2. Riau dan Siak: Kedermawanan yang Dibalas Ketimpangan
Sultan Syarif Kasim II dari Siak Sri Indrapura adalah contoh integrasi tanpa syarat. Ia menyerahkan mahkota dan harta senilai 13 juta gulden (setara triliunan rupiah saat ini) kepada Soekarno.
Ironisnya, Riau yang di kemudian hari menjadi lumbung minyak nasional (melalui Blok Rokan/Caltex), sempat menjadi salah satu daerah dengan infrastruktur terburuk di Sumatera.
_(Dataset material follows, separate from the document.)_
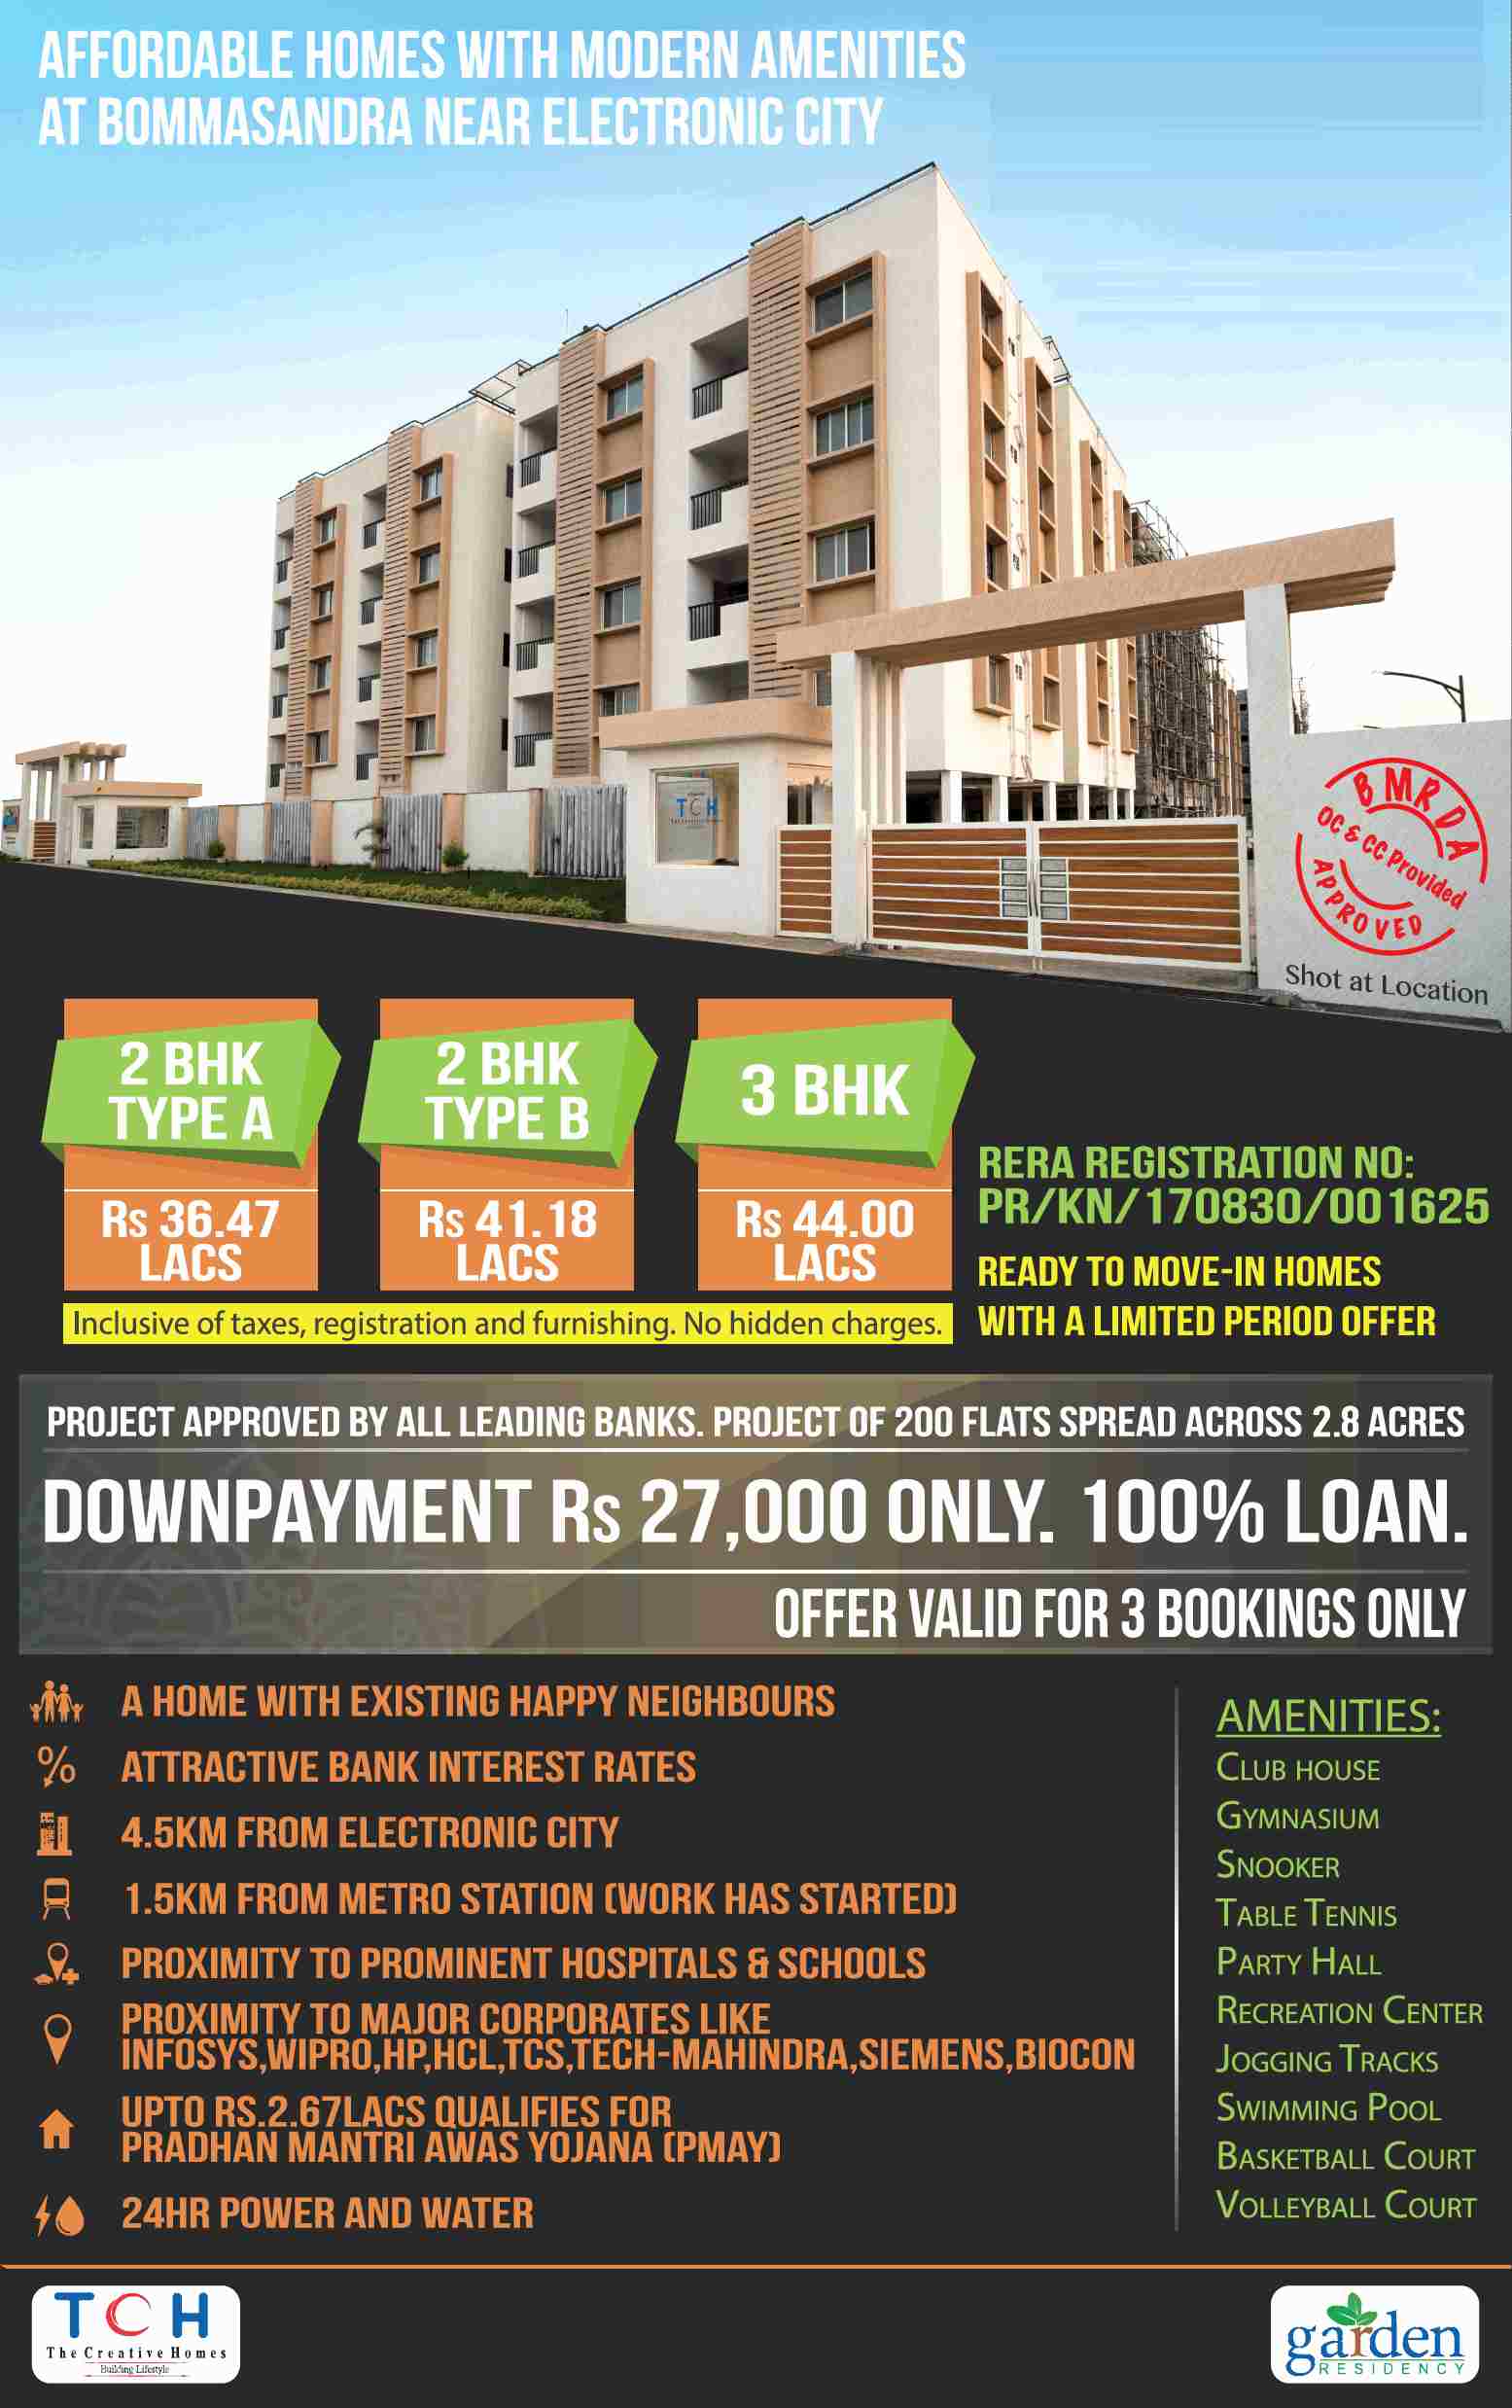 Book ready to move homes with limited period offer at TCH Garden Residency in Bangalore

Narasi "Riau Kaya Minyak, Rakyat Makan Tanah" memicu dukungan daerah ini terhadap PRRI pada 1958 dan tuntutan Riau Merdeka di awal reformasi. Ketimpangan pusat-daerah di sini bukan sekadar statistik, melainkan pengkhianatan terhadap mandat Sultan.
3. Maluku: Rempah yang Terlupakan
Ternate dan Tidore adalah raksasa maritim yang telah mengusir penjajah jauh sebelum Indonesia ada. Sultan Ternate, Muhammad Jabir Syah, memilih bergabung dengan RI di saat genting ketika Belanda mencoba memecah belah lewat Negara Indonesia Timur (NIT).
Namun, Maluku merasakan pahitnya sentralisme. Sebagai penghasil rempah dan kekayaan laut, Maluku kerap merasa diperlakukan sebagai "halaman belakang". Tragedi RMS di Ambon dan konflik sektarian 1999-2002 seringkali dilihat bukan hanya sebagai konflik horizontal, melainkan kegagalan negara dalam membangun kesejahteraan yang adil, memicu memori kolektif tentang "penjajahan ulang" oleh birokrasi Jawa.
4. Kesultanan Deli dan Pantai Timur Sumatera: Tragedi Revolusi Sosial
Bagi Kesultanan Deli (Sumatera Utara), integrasi memiliki sisi kelam tersendiri. Di awal kemerdekaan, terjadi "Revolusi Sosial 1946" di mana banyak kaum bangsawan Melayu dibunuh dan asetnya dirampas karena stigma pro-Belanda.
Pasca-kemerdekaan, tanah-tanah ulayat dan perkebunan tembakau yang dulu menjadi primadona dunia diambil alih oleh negara (PTPN) tanpa kompensasi memadai bagi ahli waris adat maupun masyarakat lokal. Deli kehilangan kedaulatan politik dan ekonominya secara drastis.
5. Kalimantan dan Sulawesi: Sumber Daya yang Disedot Keluar
Pola serupa terjadi di Kutai Kartanegara, Pontianak, hingga Gowa (Sulawesi Selatan). Bergabungnya para raja lokal seringkali diikuti dengan masuknya korporasi besar (tambang dan sawit) yang izinnya diterbitkan dari Jakarta. Sementara elit lokal tradisional dipinggirkan dari struktur kekuasaan modern, kekayaan alam mereka mengalir deras ke Pulau Jawa untuk membiayai pembangunan infrastruktur pusat.
Refleksi: Sebuah Bom Waktu?
Sejarawan dan pengamat politik menilai bahwa otonomi daerah yang diberlakukan pasca-1998 adalah upaya "menjahit kembali" luka-luka ini. Namun, faktanya disparitas ekonomi antara Jawa dan Luar Jawa masih nyata.
Kisah para kesultanan ini adalah pengingat keras: Persatuan Indonesia tidak bisa dijaga hanya dengan slogan "NKRI Harga Mati", tetapi harus dirawat dengan distribusi keadilan yang merata. Tanpa itu, sejarah penggabungan sukarela ini akan terus dikenang sebagai sebuah "jebakan" integrasi.